Much of the rest of the law will take effect January 1, 2024. While it was vetoed by Gov. Roy Cooper, a Republican supermajority in both houses of the North Carolina General Assembly pushed the new changes forward. The omnibus law eliminates a three-day grace window for county election offices to count absentee ballots, instead demanding they be counted by the time in-person voting ends at 7:30 p.m. on the date of an election.
Another part of the law, Section 44, will take effect on July 1, 2024. It will prohibit officials from accepting private money to administer elections and directs state courts to inform elections officials about potential jurors who may be disqualified if they aren’t U.S. citizens. That would enable those citizens to be removed from voter rolls. Further, county election boards will be required to maintain a list of eligible voters and continually cross-check them at least once per week to remove people from it who have died or have been convicted of a felony at either the state or federal level. County boards will also be required to send any registered voters who did not vote in an election a confirmation mailing to keep them on the list. Anyone who doesn’t respond will be removed.

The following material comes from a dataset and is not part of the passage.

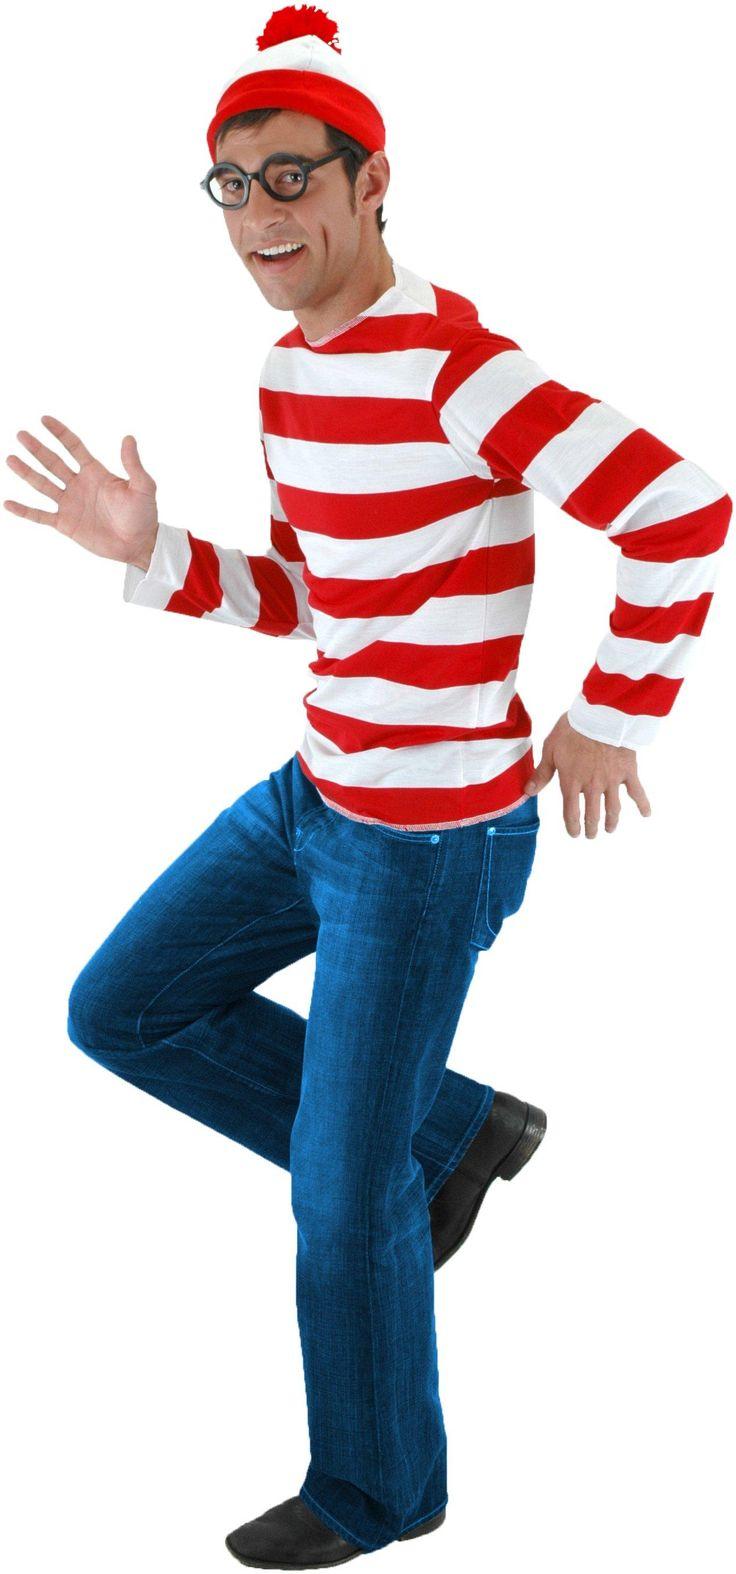 Where's Waldo Costume Kit from Buycostumes.com

SB 747 also makes new allowances for partisan poll observers and toughens the rules by which someone who both registers to vote and cast a ballot during the state’s 17-day early in-person voting period can have their choices count. Those changes, along with others, will take effect on January 1, 2024.
Democrats have lambasted the changes, claiming they suppress voters. Several voter rights groups filed federal lawsuits to challenge the state law. Republicans, however, claim the changes improve election integrity.
The law will also require elections officials to handle public education efforts about photo ID requirements for voting throughout 2024. Additionally, the state Department of Information Technology is expected to study the feasibility of replacing the statewide voting system and provide a report by March 1, 2024. A pilot program for signature verification software will also be launched for the 2024 primary election for mail-in absentee ballots, with the NCSBE required to pick 10 counties for the pilot and provide a final report by May 1, 2024.